7
Неожиданно для себя я сделал открытие. Я увидел ее в морозном сиянии, в лесной тишине, в снегопаде. Я шел по лесу и чувствовал, что она рядом. Я ощущал восхитительный неземной запах османии. Видел чарующий блеск ее щеки, ласкающий свет, идущий от ее розовой шали, от меха серебристого воротника, от тонких белых рук с голубыми прожилками. Всюду, где была природная чистота, всюду была она. Поэтому я уходил в лес. Каждую свободную минуту я становился на лыжи. И еще она являлась мне, когда я въедался в тарабринские книжки: Рим, Милан, Флоренция, Романья, речи Савонаролы и речи Аввакума, помыслы Макиавелли и Пестеля, Пушкин и Достоевский — она была рядом, теперь неприступная совсем, но полностью принадлежавшая самому возвышенному, что есть в мире, — Красоте. И еще она приходила ко мне, когда я был с детьми.

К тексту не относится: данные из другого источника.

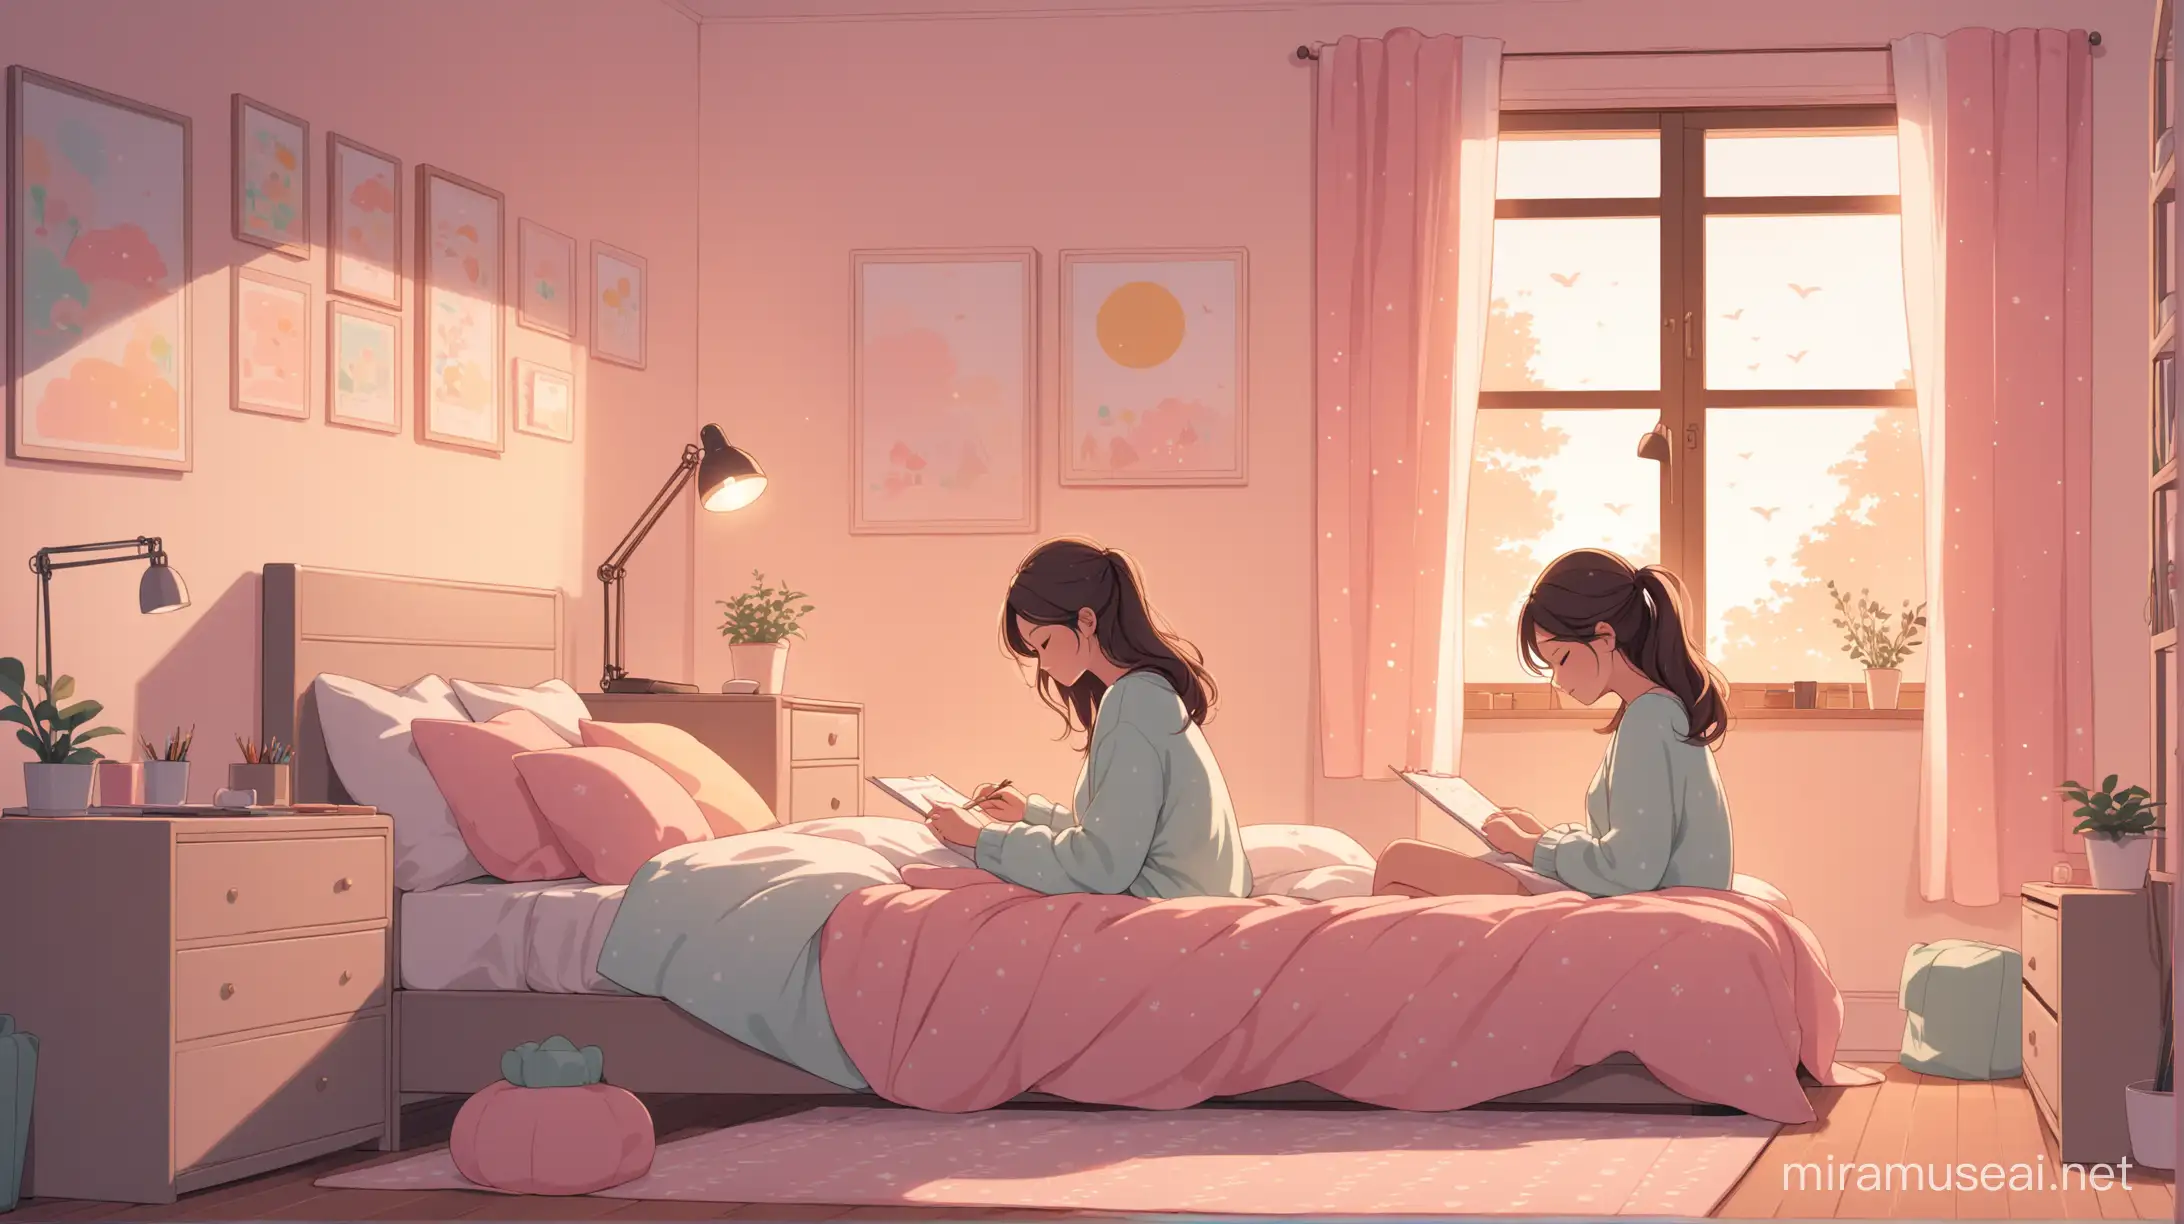 Cozy Bedroom Girl Drawing Serene Pastel Atmosphere
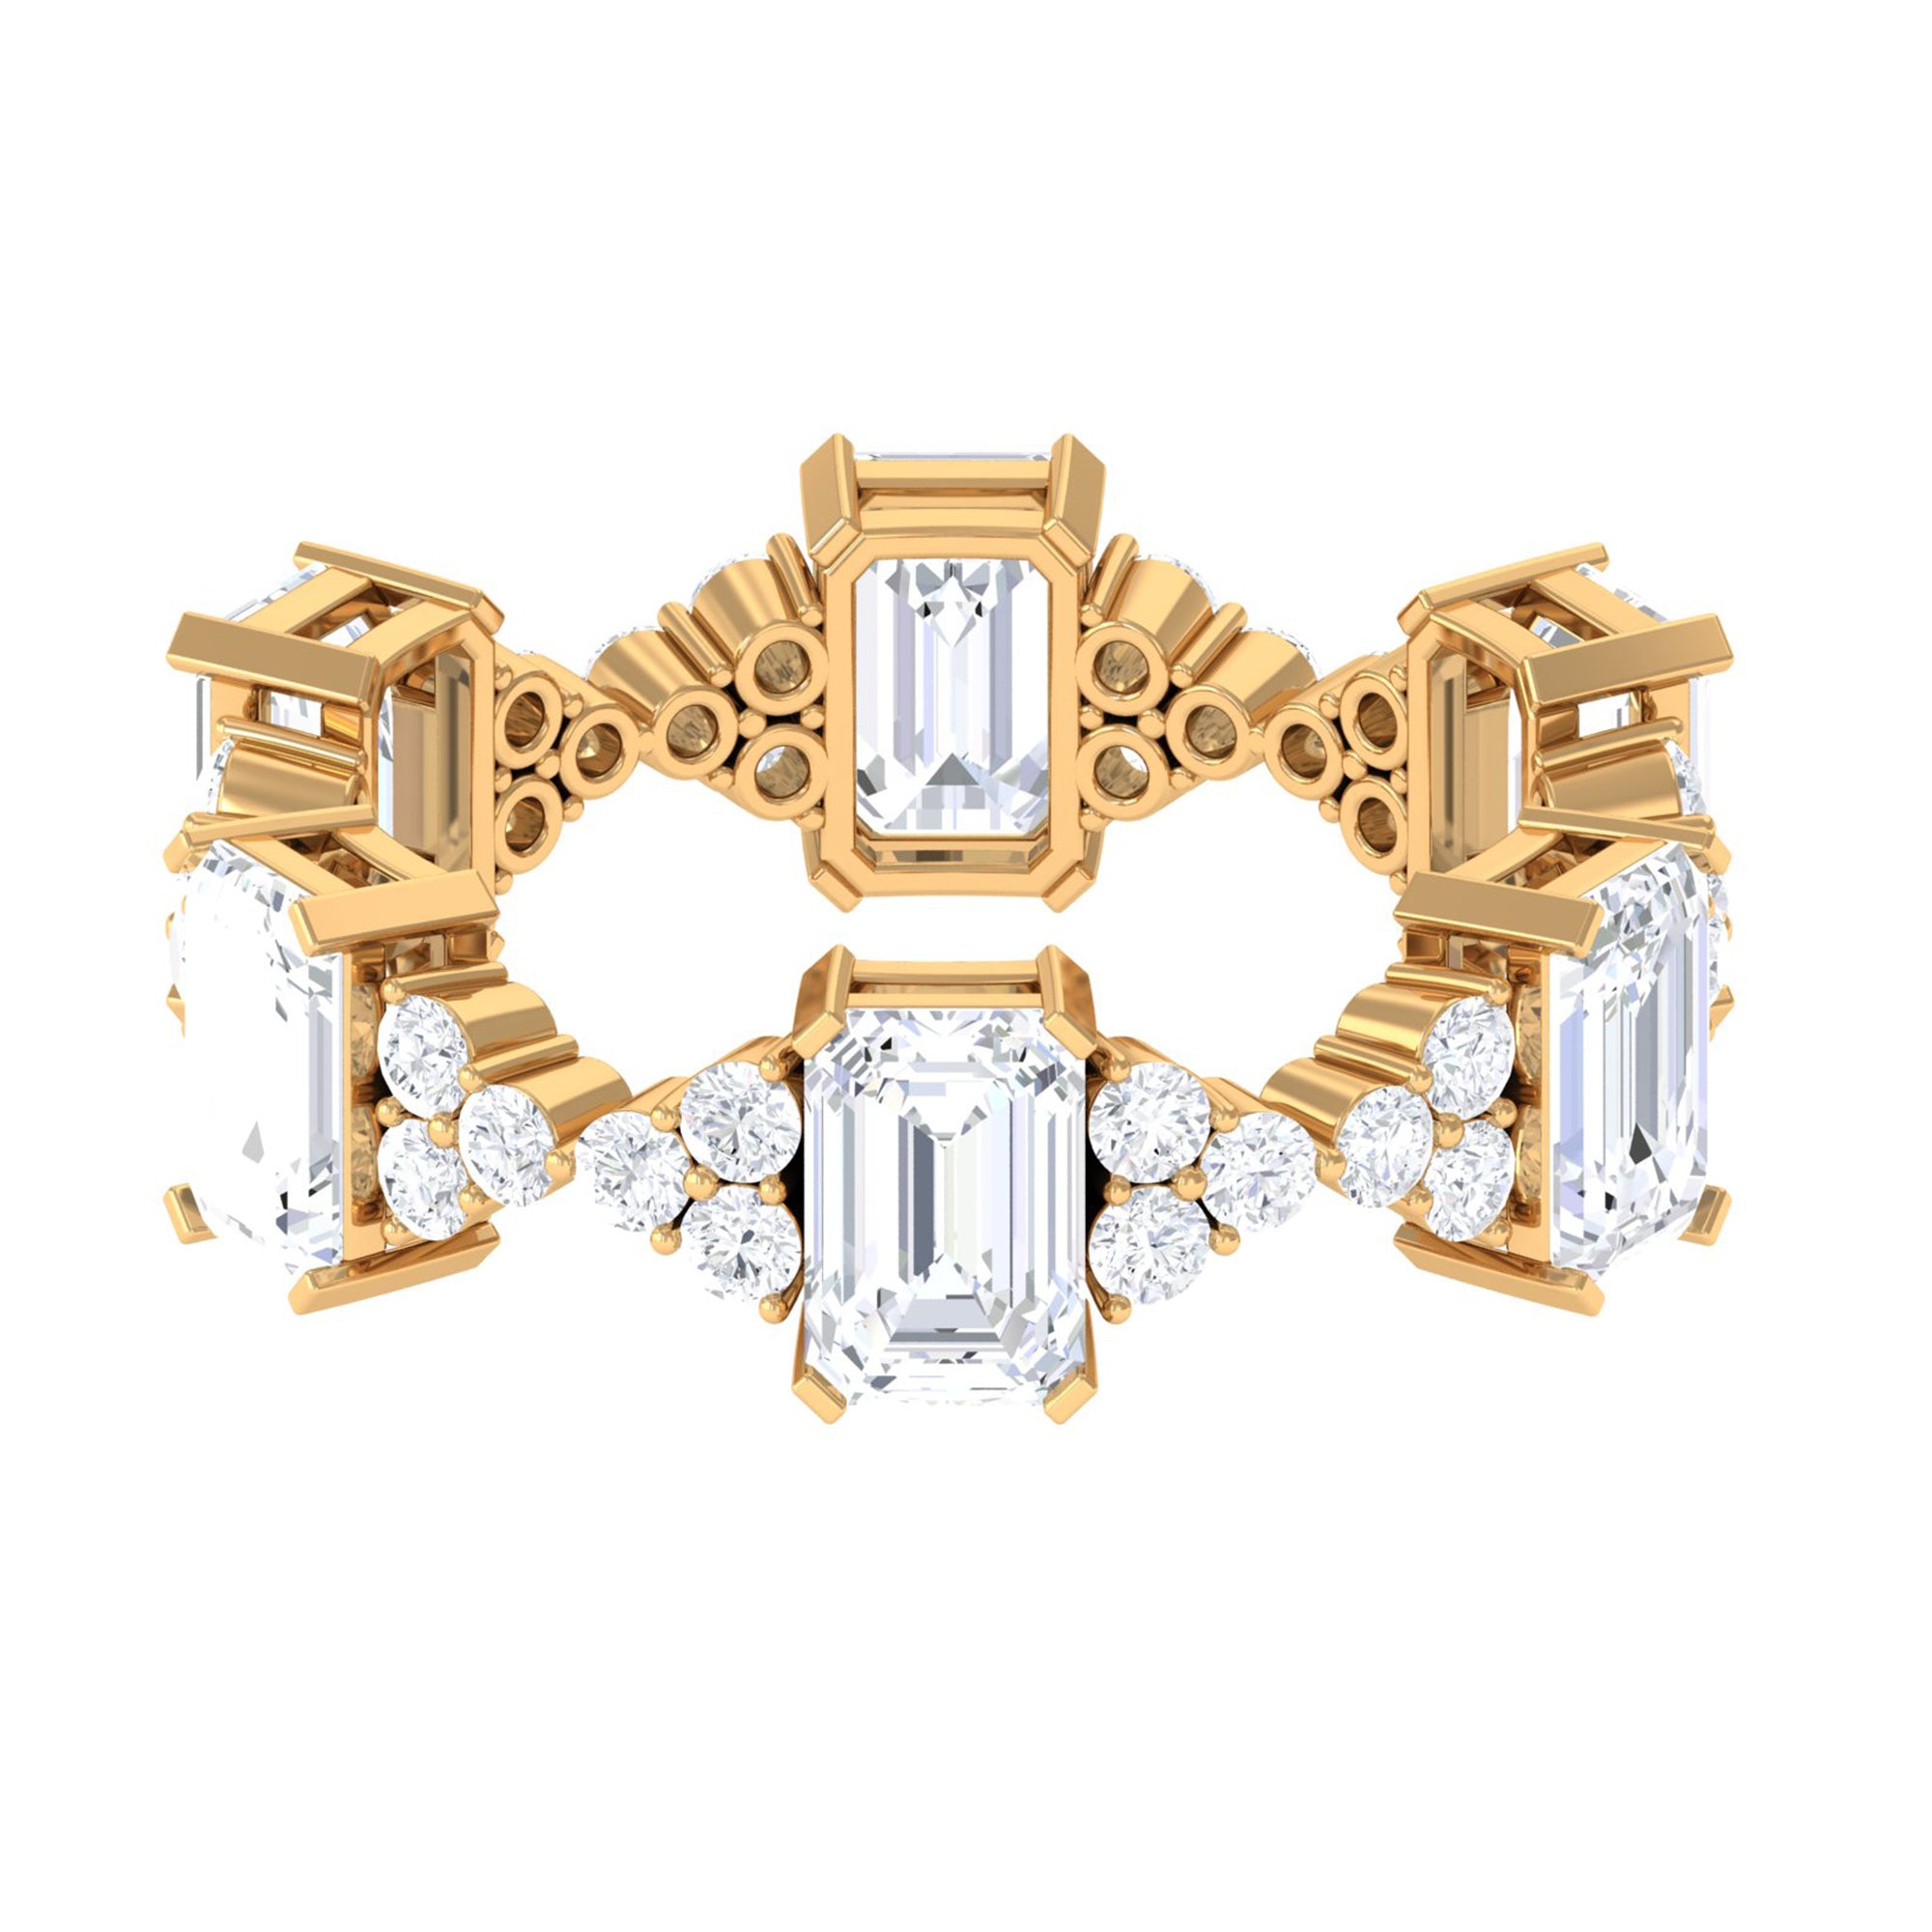 7 CT Designer Zircon Eternity Ring in Prong Setting Zircon - ( AAAA ) - Quality - Rosec Jewels

Позднее я сформулирую для себя: воспитать — значит развить способность любить. А еще позднее, много-много лет спустя, я сумею лишь подтвердить для себя: только настоящая, подлинная, высокая любовь способна сделать человека великим. Истинная любовь и есть Добро и Красота.
Всего этого тогда, в печорский период моей жизни, я не понимал. Во мне продолжали развиваться две страсти. Страстная любовь к детям и к природе. Появилось неосознанное желание во что бы то ни стало объединить эти две любви, соединить в общем-то схожие состояния.
И это желание отчетливо дало о себе знать, когда однажды оказался я на заснеженной горе, а до этого брел на лыжах, уткнувшись в девственную снеговую рассыпчатость, и конца и краю не было этой белой пушистости, и уже ломило в пояснице, и шапку хотелось снять, но даже сдвинуть на самую макушку опасно: сорок градусов, а то и больше, даром что солнце шпарит. «Странно, — соображалось в разгорячённой голове, — был ведь здесь осенью, не было такой крутизны». А крутизна все усиливалась и усиливалась, так что лыжи приходилось ставить вкривь и вкось. И наконец — награда.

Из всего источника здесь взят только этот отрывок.